Educational Goals

Educational Goals

With the understanding that our students’ educations are not complete by the time they graduate at the end of eighth grade, the Pasadena Waldorf School strives for our students to:

experience a rich, broad-based, deep course of studies, cohesively conceived, progressing purposefully from year to year, imparting significance, relevance, and meaning regarding humankind, the earth, and cosmos, in the past, in the present, and in anticipation of the future. By definition this includes a broad spectrum of history, literature, science, foreign language, arts, practical skills, and physical education.
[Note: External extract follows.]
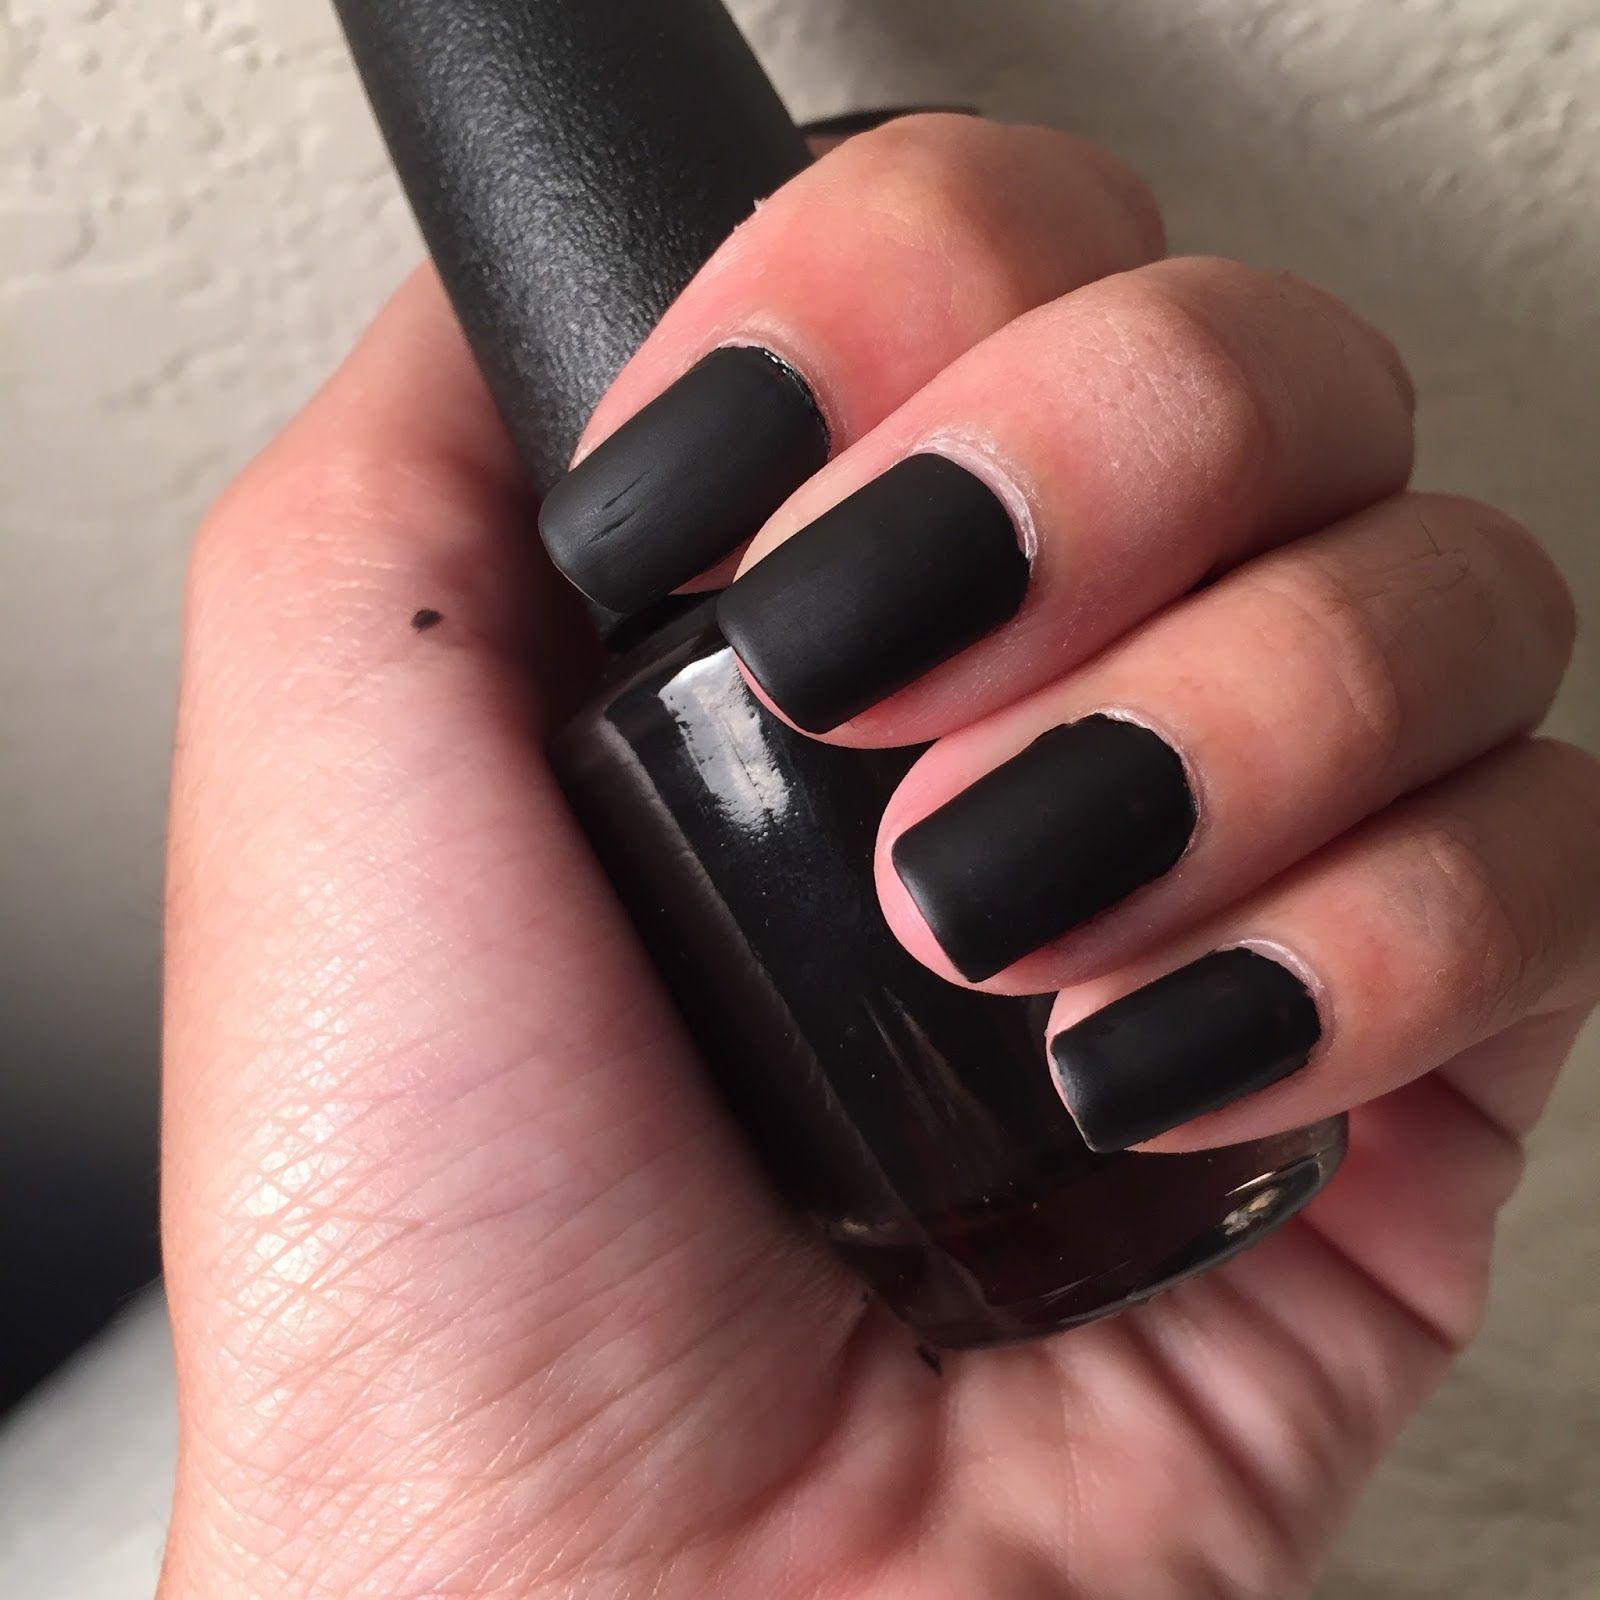 Matte Black Nail Polish   Thavy Time   { Beauty }   Pinterest ...

feel recognized as individuals, valued for their quality of character and not only their caliber of scholarship;

feel confident in themselves as learners, accepting of both their strengths and limitations, working to the best of their own abilities;

understand what it means to strive; to experience a sense of satisfaction in a job well done;

develop sound habits for living, and by this continual practice, to strengthen their will. This includes classroom habits, work habits, rhythmic marking of seasonal festivals, completing all tasks they start, returning equipment they use, and cleaning up after themselves.

experience reverence, appreciation, and gratitude to other people and to a beneficent transcendent power, whatever they conceive that to be;

conduct themselves with respect, cooperation, and courtesy towards self, others, and property;

acquire positive attitudes of acceptance of difference of cultures, preferences, abilities, ideas, social status, race, gender, etc.;

immerse themselves in experiences of nature without taking the trappings of urban life with them;

value and practice compassion, honesty, courage, and trust, but also joy and humor;

develop from imagination a foundation for flexible, sensitive, clear and creative thinking, open to the ideas of others, and steeped in interest and a sense of inquiry;

feel empowered to act, guided not by convention or peer pressure, but by their own convictions of right and wrong; to feel persuaded that individual human beings can make a difference;

learn how to function within a group and take personal responsibility for its social well-being;

practice service towards others and the natural world; and

leave PWS valuing, at some point, what they have received, confident about their next educational experience, and knowing they were loved and will always be welcome here.